A Bíblia contém exemplos de indivíduos que se esquivaram de receber cargas e de outros que as receberam em demasia. Moisés se queixou a Deus, dizendo: “por que … puseste sobre mim a carga de todo este povo?” (Núm. 11:11). Porém, Deus não lhe havia imposto tal carga; ao contrário, o instruiu a nomear setenta anciãos para que o ajudassem a levar “a carga do povo” (vs. 16 e 17). Aliás, quando Jetro, sogro de Moisés, percebeu sua angústia e o árduo trabalho realizado, o aconselhou a dividir a carga entre líderes de dez, de cinqüenta, de cem e de mil. E disse: “…será assim mais fácil para ti, e eles levarão a carga contigo” (Êxo. 18:13-22).

O exercício do pastorado implica a existência de pesadas cargas, assim como a vida cristã individual. Como podemos administrá-las? Há pelo menos três princípios bíblicos, com ênfase imperativa, que podem nos ajudar a fazê-lo.

Responsabilidade individual

Escrevendo aos cristãos gálatas, Paulo diz que “cada um levará o seu próprio fardo” (Gál. 6:5). A palavra grega fortión, traduzida como fardo ou carga, contém a idéia de responsabilidade intransferível; algo que temos de levar, sem opção de recusar. Se não a assumirmos, seremos infiéis, irresponsáveis, diante de Deus. Envolve mordomia, e a todos os seres humanos é dito: “Presta contas da tua administração” (Luc. 16:2). Essa é a responsabilidade conferida a cada ser humano.

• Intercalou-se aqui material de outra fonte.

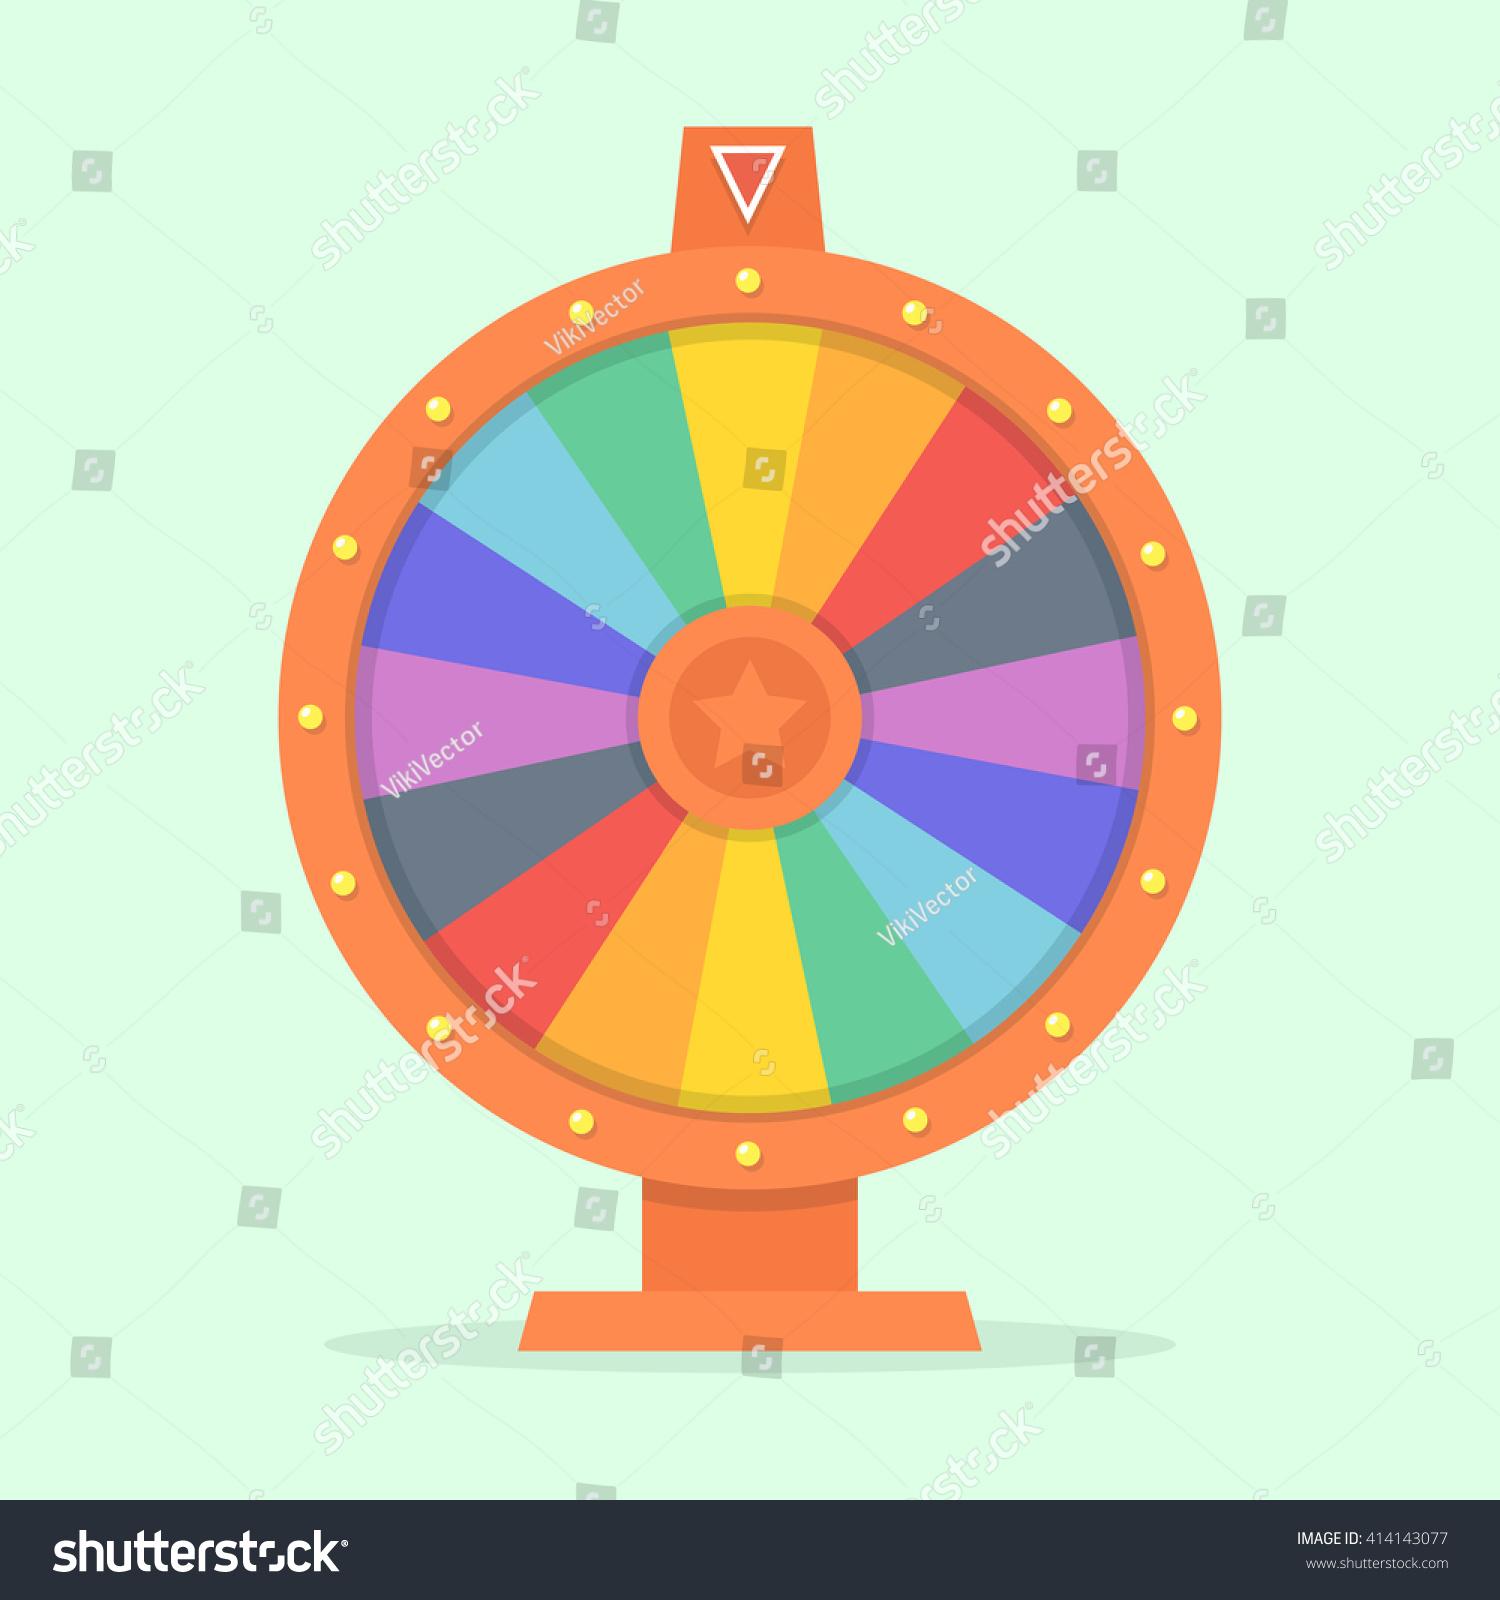 wheel fortune vector illustration flat colorful stock vector 414143077 shutterstock. Black Bedroom Furniture Sets. Home Design Ideas

A expressão “cada um” indica responsabilidade individual. O líder, o liderado, o esposo e pai, a esposa e mãe, o filho, o patrão, o empregado, todos têm responsabi-lidades e dons, designados por Deus, que são intransferíveis e devem ser cumpridos. Na parábola dos talentos (Mat. 25:1-31), alguns servos receberam cinco talentos; ou-tros, dois; e outro recebeu um. Porém, todos foram igualmente responsáveis diante de Deus pelas cargas e tarefas recebidas. Elas podem ser grandes, médias ou pequenas, mas todos devem responder diante de Deus. “Se sua igreja for ‘normal, 20% dos membros estarão realizando 80% do trabalho. Isso é conhecido como o ‘princípio de Paretto’. Paretto foi um matemático italiano que viveu no século 19. Segundo ele, 80% dos resultados provêm de 20% dos eventos ou pessoas.”2

Bem, se numa igreja 20% estão levando 80% de toda a carga, a verdade é que ela está contaminada por “ociosite”, doença que a põe numa condição deplorável. Paulo escolheu as palavras certas. Quando disse que “cada um levará o seu próprio fardo”, empregou o termo idios (próprio), que tem muita força. É “a carga de sua propriedade”, “que lhe pertence”, que é intransferível, simplesmente “porque é sua”. Quando alguém não a assume, outra pessoa o faz. Por isso, temos filhos que prejudicam pais, professores que prejudicam alunos, líderes que prejudicam liderados e vice-versa.

Pais que assumem as cargas dos filhos, com o argumento de não desejarem que estes sofram, estão lhes fazendo grande mal, e transgridem o primeiro princípio imperativo, segundo o qual “cada um levará o seu próprio fardo”. Notemos os diferentes aspectos dos princípios bíblicos para levar nossas cargas: l)Todos, idosos, adultos, jovens e crianças, têm cargas. 2)As cargas são diferentes para cada pessoa. 3)Há diferentes formas pelas quais as cargas são conduzidas. 4)Todos ajudam outros a levarem suas cargas.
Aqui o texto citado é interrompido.